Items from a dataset
+---+

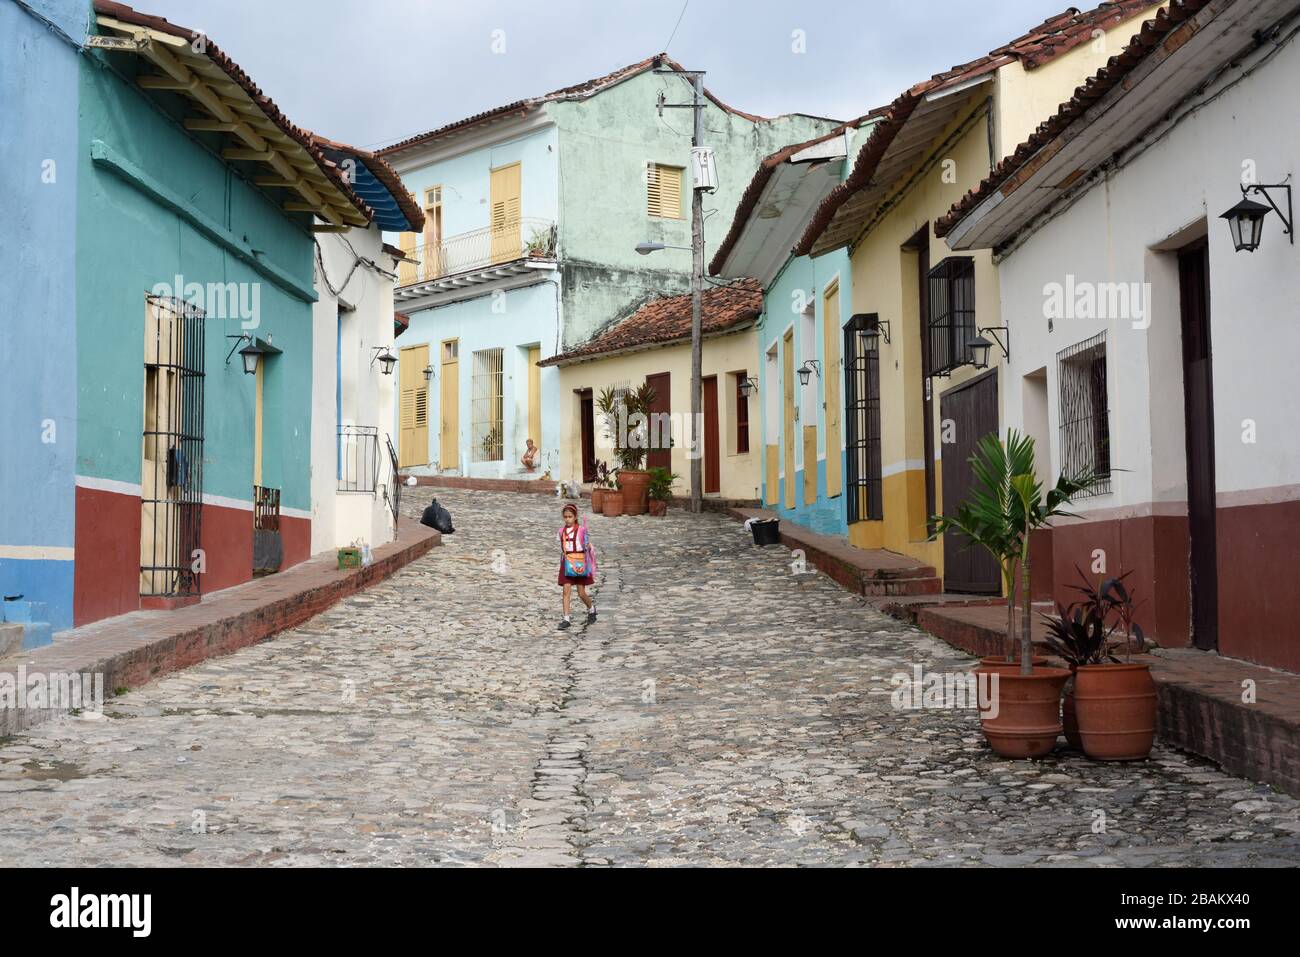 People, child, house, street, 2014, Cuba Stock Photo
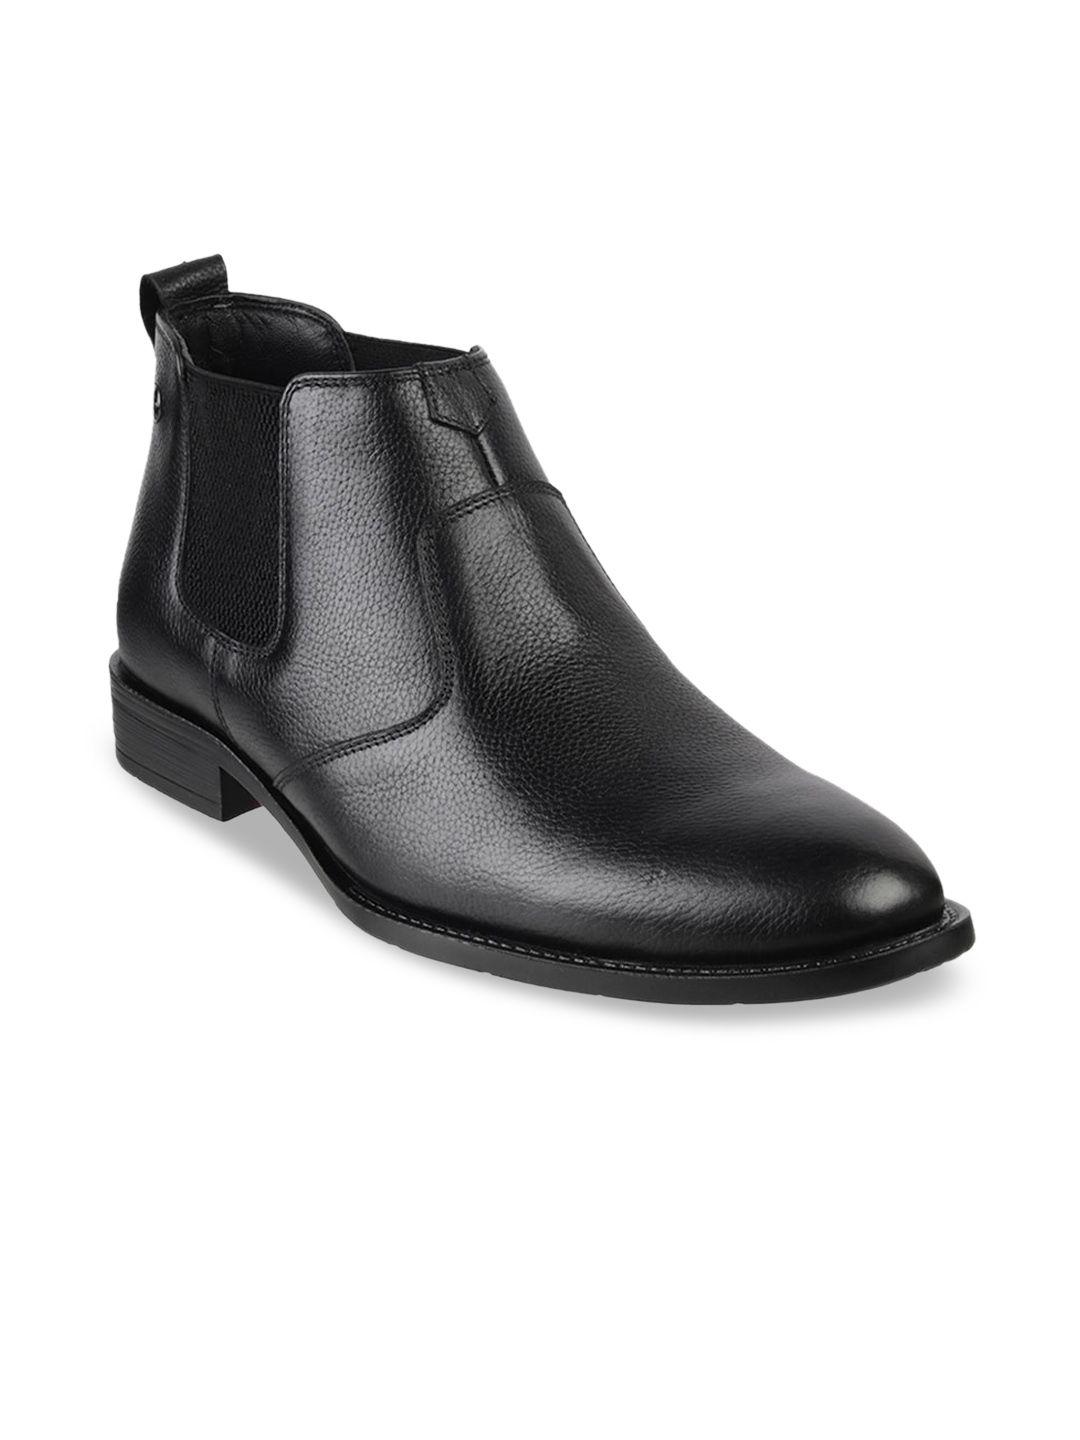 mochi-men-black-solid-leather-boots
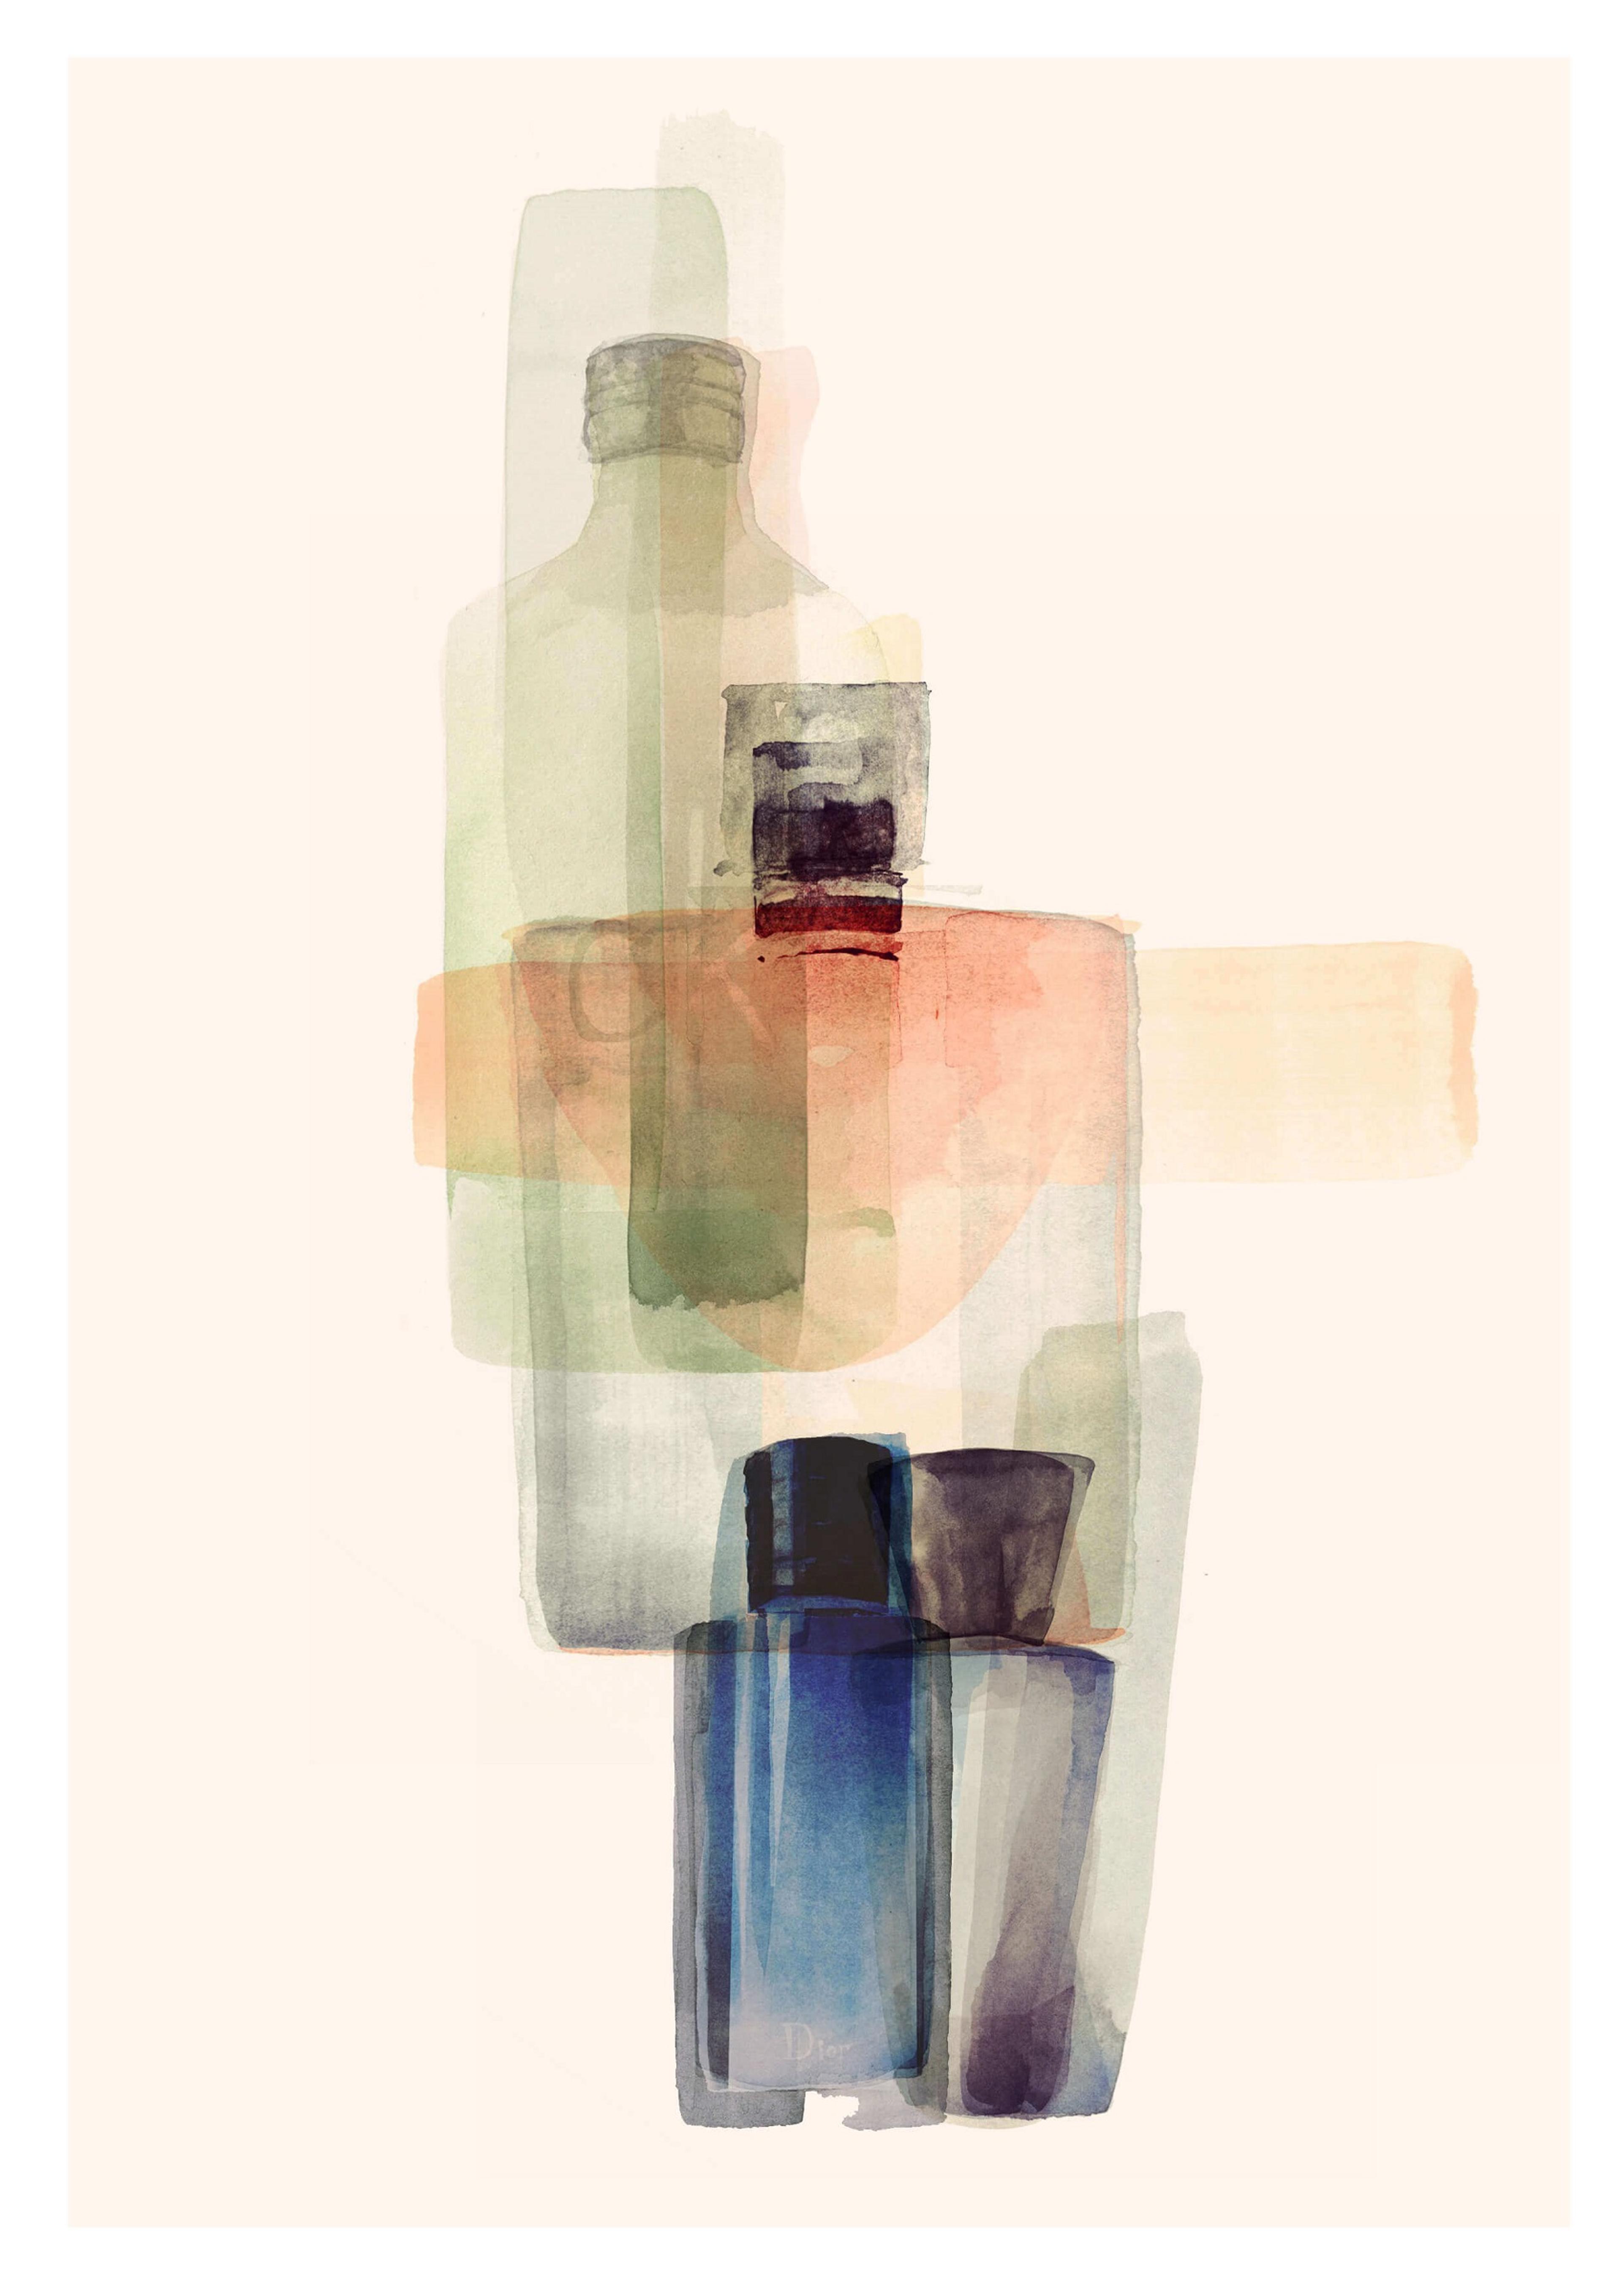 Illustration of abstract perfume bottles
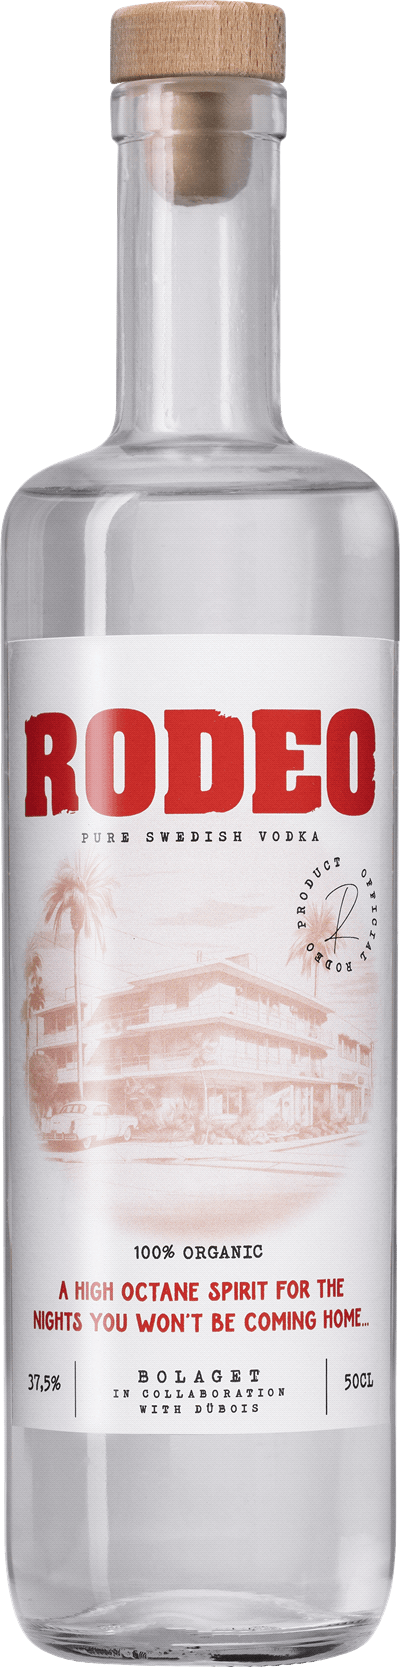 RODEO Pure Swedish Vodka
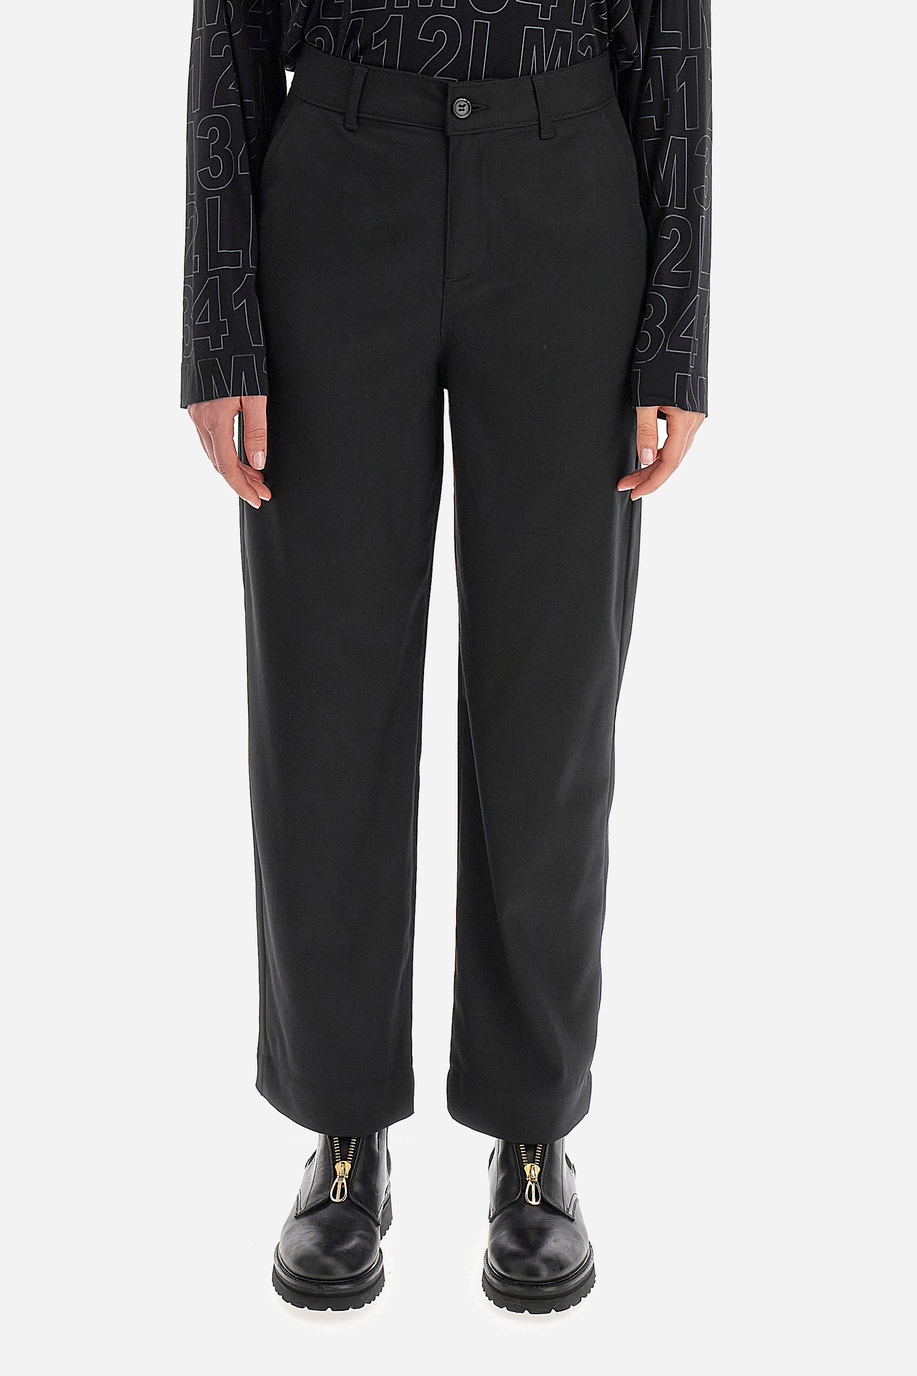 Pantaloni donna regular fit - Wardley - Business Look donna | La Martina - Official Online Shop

+---+

__What you have to do__: Leaving out the pictures, output each line above exactly as it is.

__Your response__:
 People, child, house, street, 2014, Cuba Stock Photo
 mochi-men-black-solid-leather-boots
 Illustration of abstract perfume bottles
 RODEO Pure Swedish Vodka
 Pantaloni donna regular fit - Wardley - Business Look donna | La Martina - Official Online Shop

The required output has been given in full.